Run `reparse_thought_metadata` to fix stale or inconsistent metadata by re-extracting it from thought content.

```json
{
  "project": "optional-project-name",
  "limit": 100,
  "include_archived": false,
  "older_than_days": 0,
  "dry_run": false
}
```

- `dry_run: true` scans only and does not call metadata extraction or write updates
- If extraction fails for a thought, existing metadata is normalized and written only if it changes
- Metadata reparse runs in parallel (4 workers); one failure does not abort the run

**Automatic backfill** (optional, config-gated):

```yaml
backfill:
  enabled: true
  run_on_startup: true   # run once on server start
  interval: "15m"        # repeat every 15 minutes
  batch_size: 20
  max_per_run: 100
  include_archived: false
```

**Search fallback**: when no embeddings exist for the active model in scope, `search_thoughts`, `recall_context`, `get_project_context`, `summarize_thoughts`, and `related_thoughts` automatically fall back to Postgres full-text search so results are never silently empty.

## Client Setup

### Claude Code

```bash
# API key auth
claude mcp add --transport http amcs http://localhost:8080/mcp --header "x-brain-key: <key>"

# Bearer token auth
claude mcp add --transport http amcs http://localhost:8080/mcp --header "Authorization: Bearer <token>"
```

### OpenAI Codex

Add to `~/.codex/config.toml`:

```toml
[[mcp_servers]]
name = "amcs"
url  = "http://localhost:8080/mcp"

[mcp_servers.headers]
x-brain-key = "<key>"
```

### OpenCode

```bash
# API key auth
opencode mcp add --name amcs --type remote --url http://localhost:8080/mcp --header "x-brain-key=<key>"

# Bearer token auth
opencode mcp add --name amcs --type remote --url http://localhost:8080/mcp --header "Authorization=Bearer <token>"
```

Or add directly to `opencode.json` / `~/.config/opencode/config.json`:

```json
{
  "mcp": {
    "amcs": {
      "type": "remote",
      "url": "http://localhost:8080/mcp",
      "headers": {
        "x-brain-key": "<key>"
      }
    }
  }
}
```

## Development

Run the SQL migrations against a local database with:

`DATABASE_URL=postgres://... make migrate`

LLM integration instructions are served at `/llm`.

## Containers

The repo now includes a `Dockerfile` and Compose files for running the app with Postgres + pgvector.

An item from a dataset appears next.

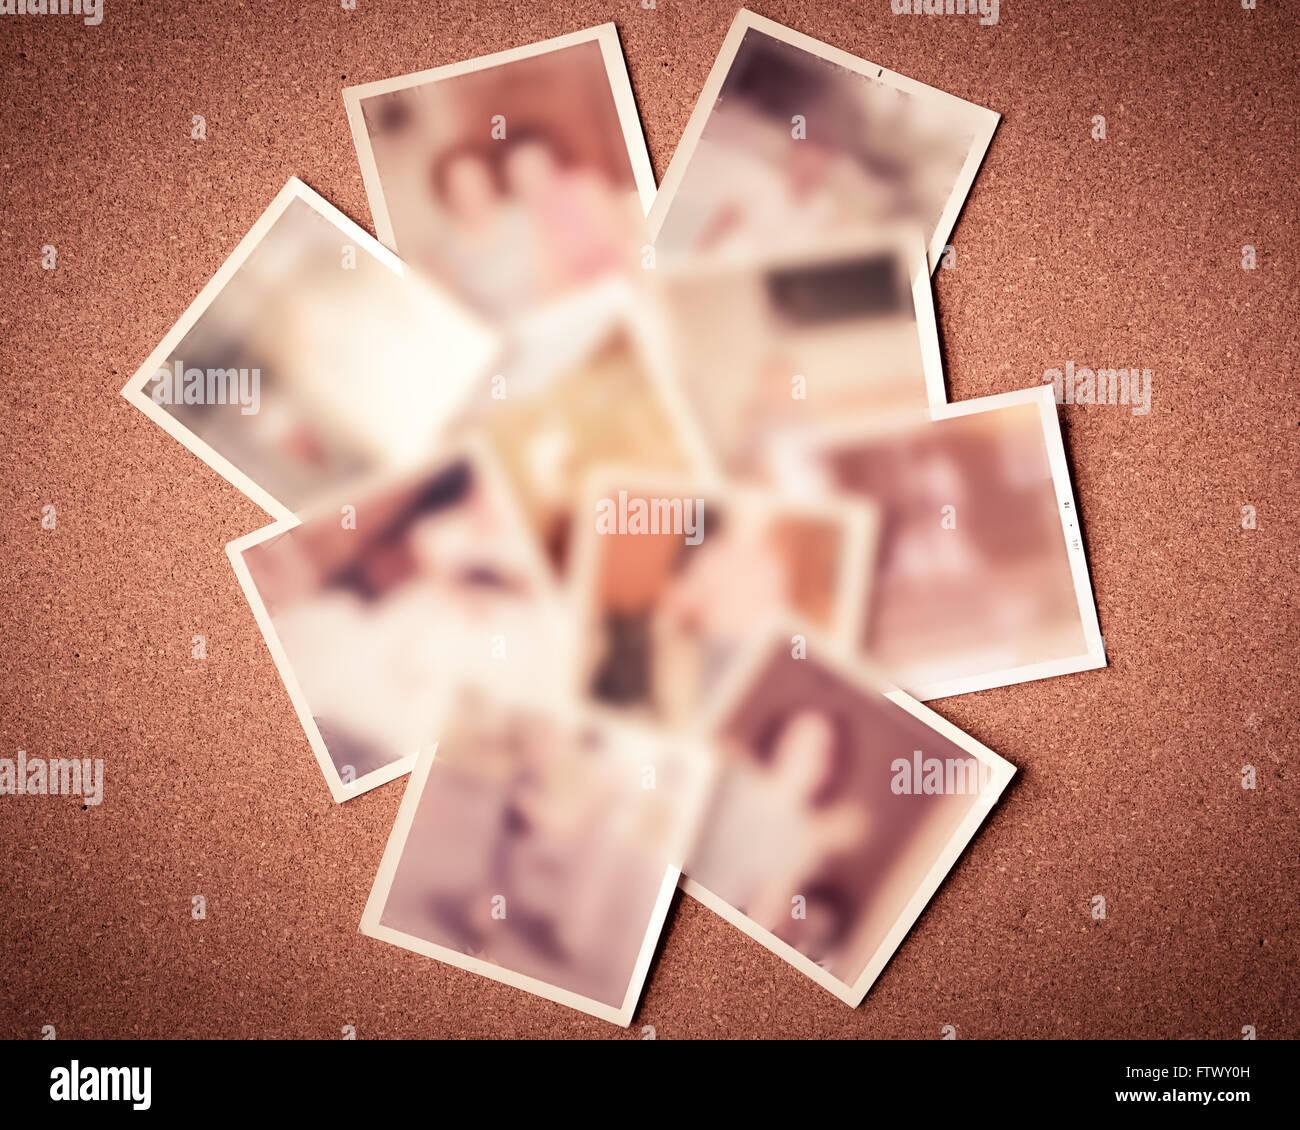 Defokussierten Unschärfe der verstreuten alten Familienfotos gegen Pinnwand Stockbild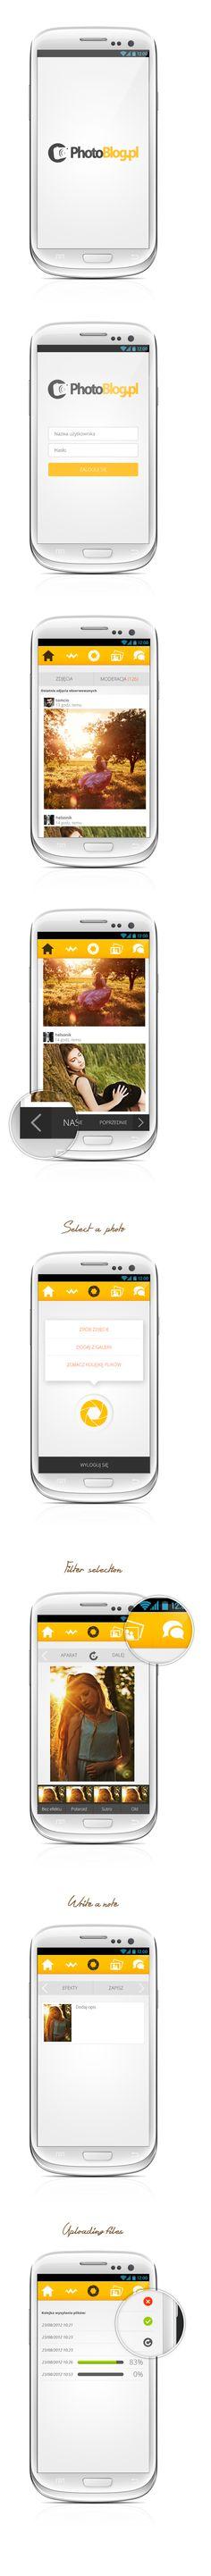 Photoblog.pl - Android mobile application by Bartek Bielawa

1. Set a real LiteLLM key in your shell:
   `export AMCS_LITELLM_API_KEY=your-key`
2. Start the stack with your runtime:
   `docker compose -f docker-compose.yml -f docker-compose.docker.yml up --build`
   `podman compose -f docker-compose.yml up --build`
3. Call the service on `http://localhost:8080`

Notes:

- The app uses `configs/docker.yaml` inside the container.
- The local `./configs` directory is mounted into `/app/configs`, so config edits apply without rebuilding the image.
- `AMCS_LITELLM_BASE_URL` overrides the LiteLLM endpoint, so you can retarget it without editing YAML.
- `AMCS_OLLAMA_BASE_URL` overrides the Ollama endpoint for local or remote servers.
- The Compose stack uses a default bridge network named `amcs`.
- The base Compose file uses `host.containers.internal`, which is Podman-friendly.
- The Docker override file adds `host-gateway` aliases so Docker can resolve the same host endpoint.
- Database migrations `001` through `005` run automatically when the Postgres volume is created for the first time.
- `migrations/006_rls_and_grants.sql` is intentionally skipped during container bootstrap because it contains deployment-specific grants for a role named `amcs_user`.

## Ollama

Set `ai.provider: "ollama"` to use a local or self-hosted Ollama server through its OpenAI-compatible API.

Example:

```yaml
ai:
  provider: "ollama"
  embeddings:
    model: "nomic-embed-text"
    dimensions: 768
  metadata:
    model: "llama3.2"
    temperature: 0.1
  ollama:
    base_url: "http://localhost:11434/v1"
    api_key: "ollama"
    request_headers: {}
```

Notes:

- For remote Ollama servers, point `ai.ollama.base_url` at the remote `/v1` endpoint.
- The client always sends Bearer auth; Ollama ignores it locally, so `api_key: "ollama"` is a safe default.
- `ai.embeddings.dimensions` must match the embedding model you actually use, or startup will fail the database vector-dimension check.